When conducting these analysis, always bear in mind that the stroma – the “climate” of the tissue on the slide – can sometimes lead to an unrelated diagnosis if you observe it closely. For instance, in a duodenal biopsy, the absence of any plasma cells should make you think of common variable immunodeficiency (CVID); diffuse generalized hyaline arteriolosclerosis should alert you to the possibility that the patient might be hypertensive; ulcerative or exudative lesions with “volcano”-like inflammatory infiltrates should make you think of pseudomembranous colitis! Nowadays, whenever I make a checklist for duodenal biopsies, I invariably include a point on CVID after I finish describing the luminal features (including parasites like Giardia) and mucosal changes (which may point to issues, such as celiac disease).
An educational tool
These “personal diagnostic algorithms” are useful for any pathologist at any career stage, but I find them particularly valuable for residents and trainees. Why? Because working in this way helps them to develop an analytical approach toward any case evaluation. It fosters a thought process that uses logical, sequential reasoning to arrive at a final diagnosis – exactly what we intend to achieve when we train new students. The eye cannot see what the mind doesn’t know!

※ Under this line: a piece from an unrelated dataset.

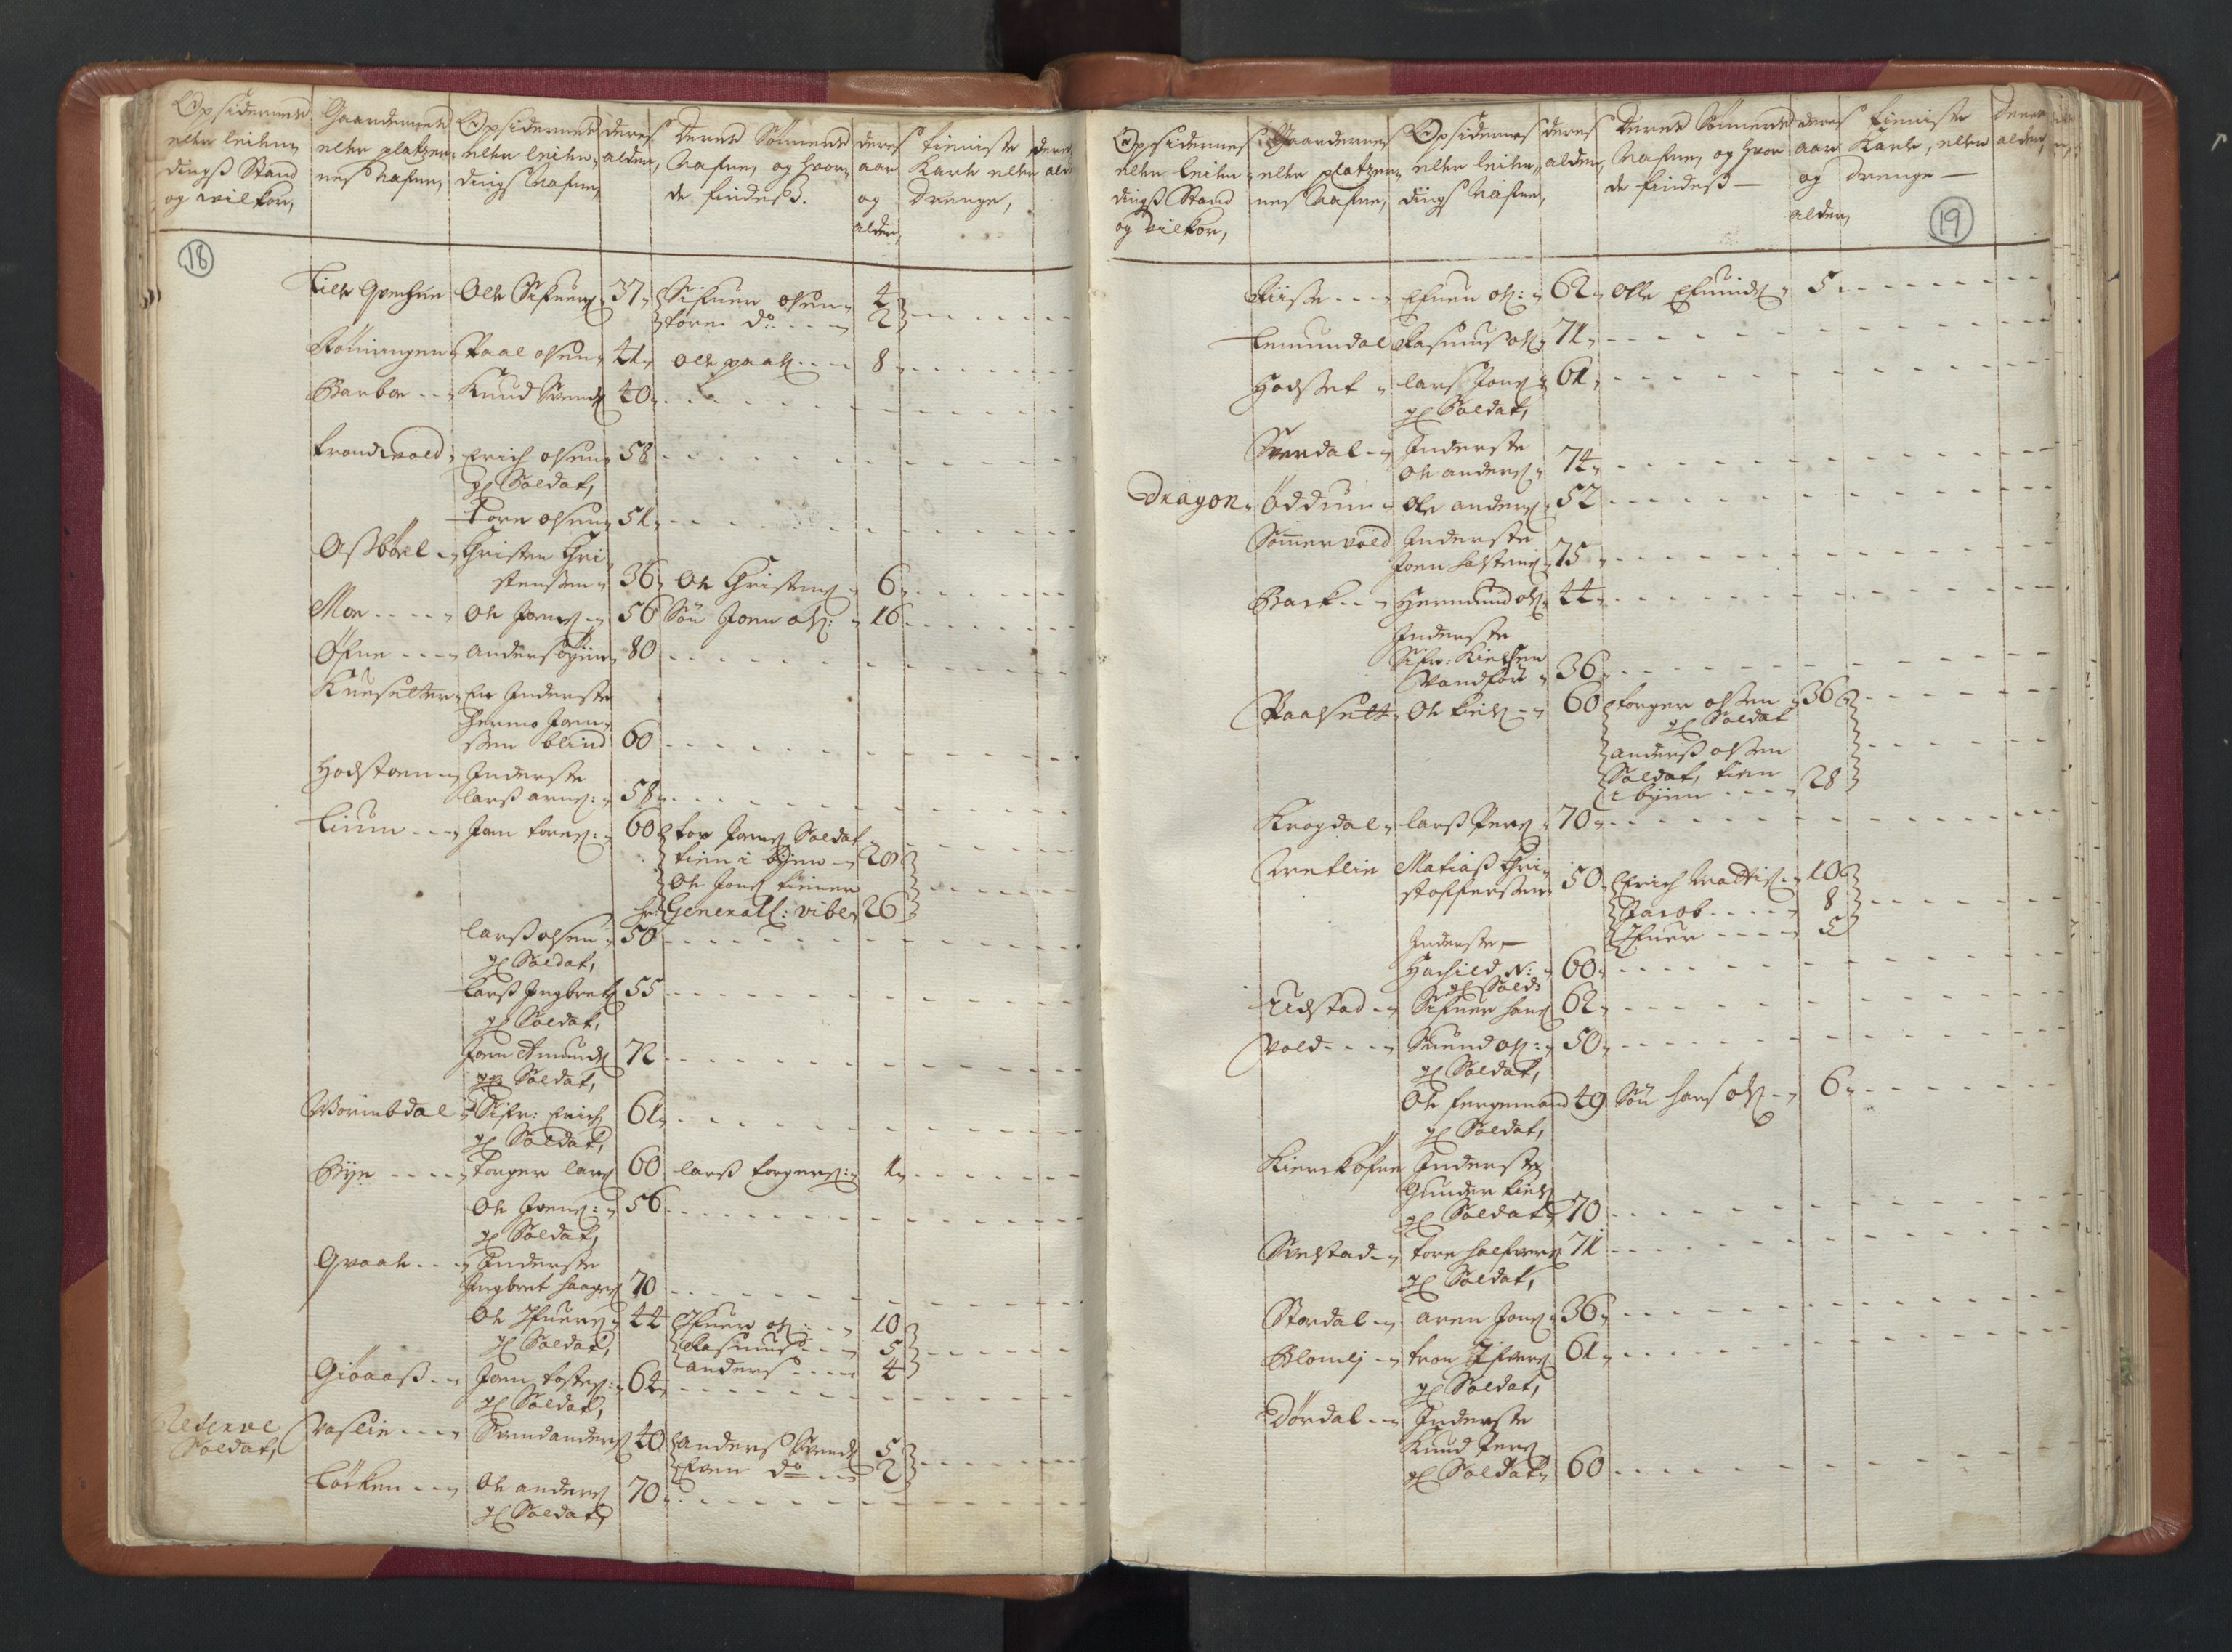 RA, Manntallet 1701, nr. 13: Orkdal fogderi og Gauldal fogderi med Røros kobberverk, 1701, s. 18-19

Though the details at times appear complex, I encourage all of my colleagues to develop a sharp eye for the “catchy” diagnostic points of any lesion they encounter, whether in real life or in the literature. Always think about how you would differentiate those entities from other similar ones. And, if the knowledge you pick up is not already present in the literature, it may be a valuable resource for dissemination amongst your peers.
The diagnostic algorithms we build up using both published data and our own experience are extremely useful tools for us, and for those we train to follow us. I share my algorithms with my trainees, but I also urge them to create their own, which not only provides them with the tools themselves, but also with the thought processes that arise from pursuing a logical approach to diagnosis. Remember that all of histopathology is based upon a simple, algorithmic principle:
- Is the tissue normal or abnormal?
- If it is abnormal, is it neoplastic or non-neoplastic?
- If it is neoplastic, is it benign or malignant?
- If it is malignant, is it primary or secondary?
And, of course, don’t forget the value of a good report after you’ve put in the work to reach a diagnosis. Frame it carefully, word it well, and make sure that the final report is just as logical as your diagnostic process!